About a month ago on this blog, I posted photos and a story about a missionary in Eastern Europe who is caring for a man who has keratin-like matter growing out of the skin on hands and feet (see part one of the story here). A month later, I can report that man's strange condition is improving - but what is causing the condition has yet to be exactly identified, it seems. The man is also getting the full attention of the medical and research communities in the region (rather mysteriously, as you'll see below). As you can see from the recent photos the missionary sent me, the growths have been reduced through chemical treatments, soakings, and whittling down (a dremel saw was used). While the research and treatments are still being conducted, the man and his family seem to be in for the long haul (click 'continue' below for more photos). The missionary told me...
"I have looked at the blog link, and I found some of the responses very helpful. I passed it onto the Romanian people in charge of the man. I will try to flesh this out a bit more for you. The man is on the eastern side of Romania, and I am on the western side, though the country is not so big (about the size of Oregon) it takes 16 hrs to get from here to there. There are no interstates, and every time you come to a new town or village you slow down to 25 miles per hour. I went by train to avoid the wintery road conditions. I saw him on a Monday, and worked on him for 2 hours cutting and cleaning and applying Compound W-type acid in areas. Approximately 90% of the growths do not have blood circulation or pain associated with cutting them. About 10% do bleed slightly and seem to hurt. After 2 hours he became very fidgety and I decided to stop. After 2 hours of work there was not much to show for it by way of a noticeable difference, though there were a lot of growths cut off. I would have needed to work on him a month or more at the rate we were going. I returned home on Tuesday having treated several areas with the acid to see what would happen with them, and I wrapped one foot with a Una boot, to see if that helped (some one on the blog suggested that). My Romanian contact there was going to return in a week and check on things. When he returned the next week, he found the man was gone. His mother said that on the previous Friday, an ambulance had come to their home (they live in a rural area) and said they had come for him. They loaded him up and took him away. Neither he nor his family had called for an ambulance. He was gone about a month. He is back home now (he returned home just before Easter).

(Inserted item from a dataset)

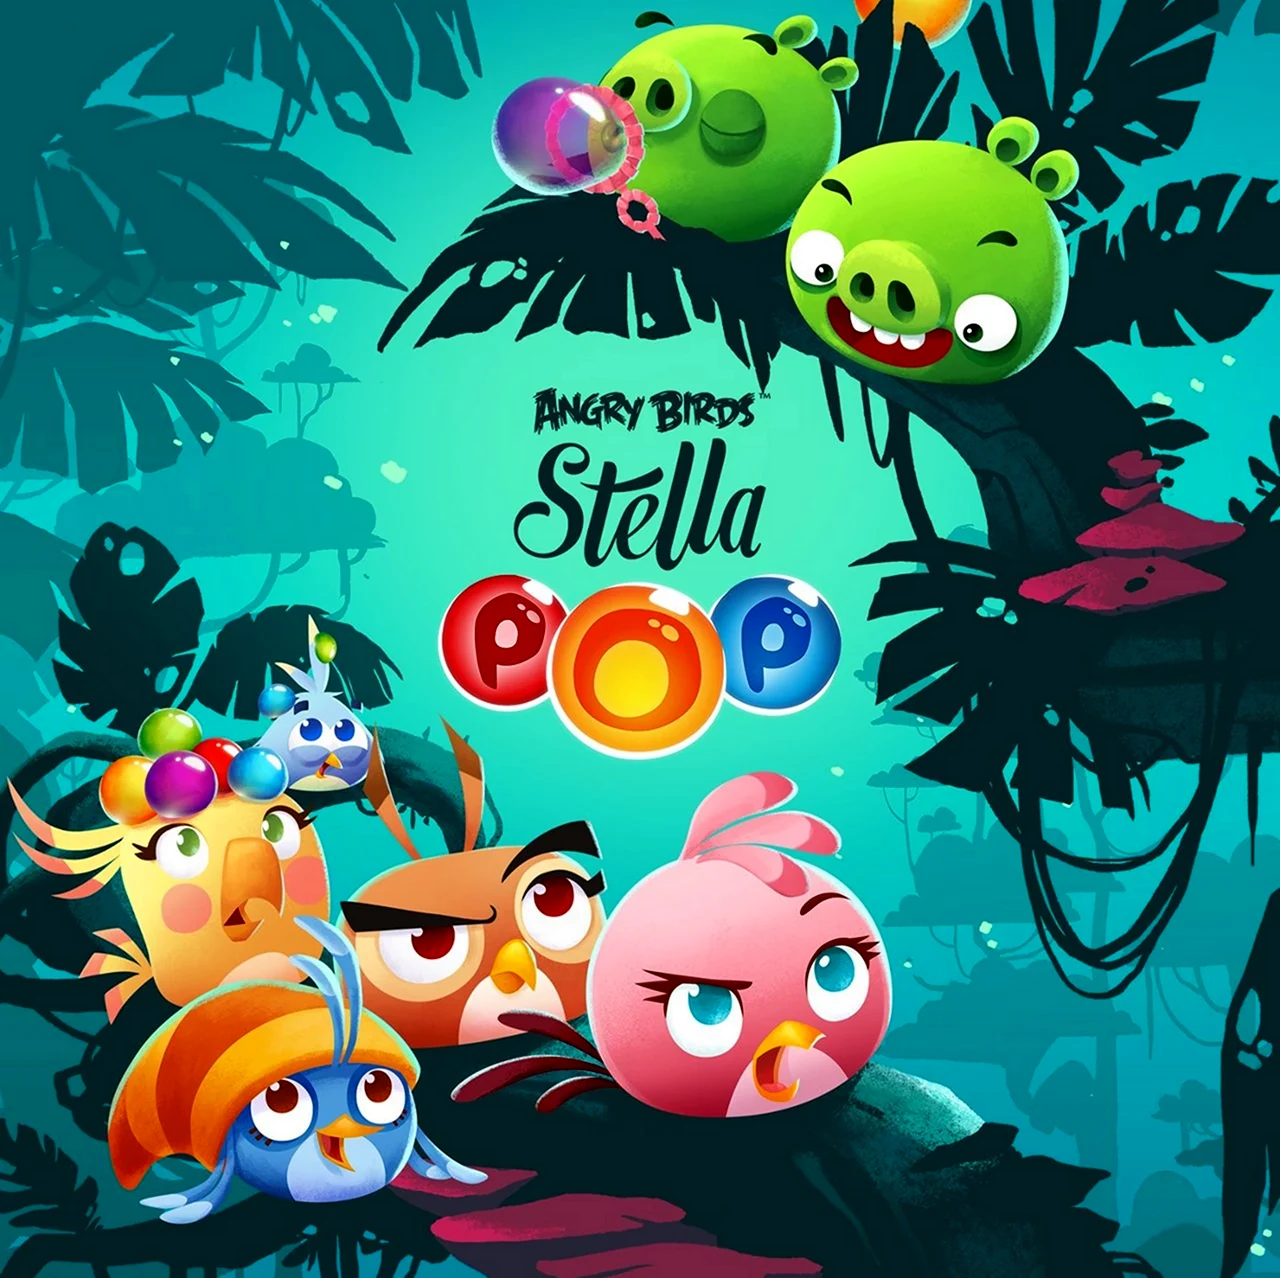 Angry Birds Stella Pop игра. Картинка из мультфильма

He was in a hospital in Bucharest where they mainly did tests, as far as he knew they did not diagnose anything. The medical system here is not very forthcoming with information in general, not just in this case. He thinks that he will be going back in May. They did cut many more of the growths off his hands and they look much better. They did nothing to his feet. I think it is a great improvement. I think what you did on the web sight was very good and helpful, I was impressed. I will send you my newest pictures."
"As far as sending money, I left money with my contact there. So far, none of it has been spent. I would be concerned about giving him or his family money directly. I don't think that would be a good idea. If money was needed for the medical treatment, I could see that it reached the right hands, but at this time there does not seem to be a need for additional money for them. It does not appear that any of the anti viral drugs mentioned [in the blog post's comments] have been used and do not appear to be readily available here, I would like to have them and be able to offer them to the doctors treating him, but currently do not have a source for that. If someone was able to get them in the US, I could give you an address in the US [email me for address and info] to send them to, and the next person that I knew of would be coming to Romania could hand carry them to us here. The Romanian postal system is very unreliable, so I would not trust it with the meds. If someone wanted to donate for medical needs (in Romania) we would happily administer the funds, but at this time there does not seem to be a need for additional money for Ioan. Please feel free to write and ask more questions if you have any or ask for updates in the future."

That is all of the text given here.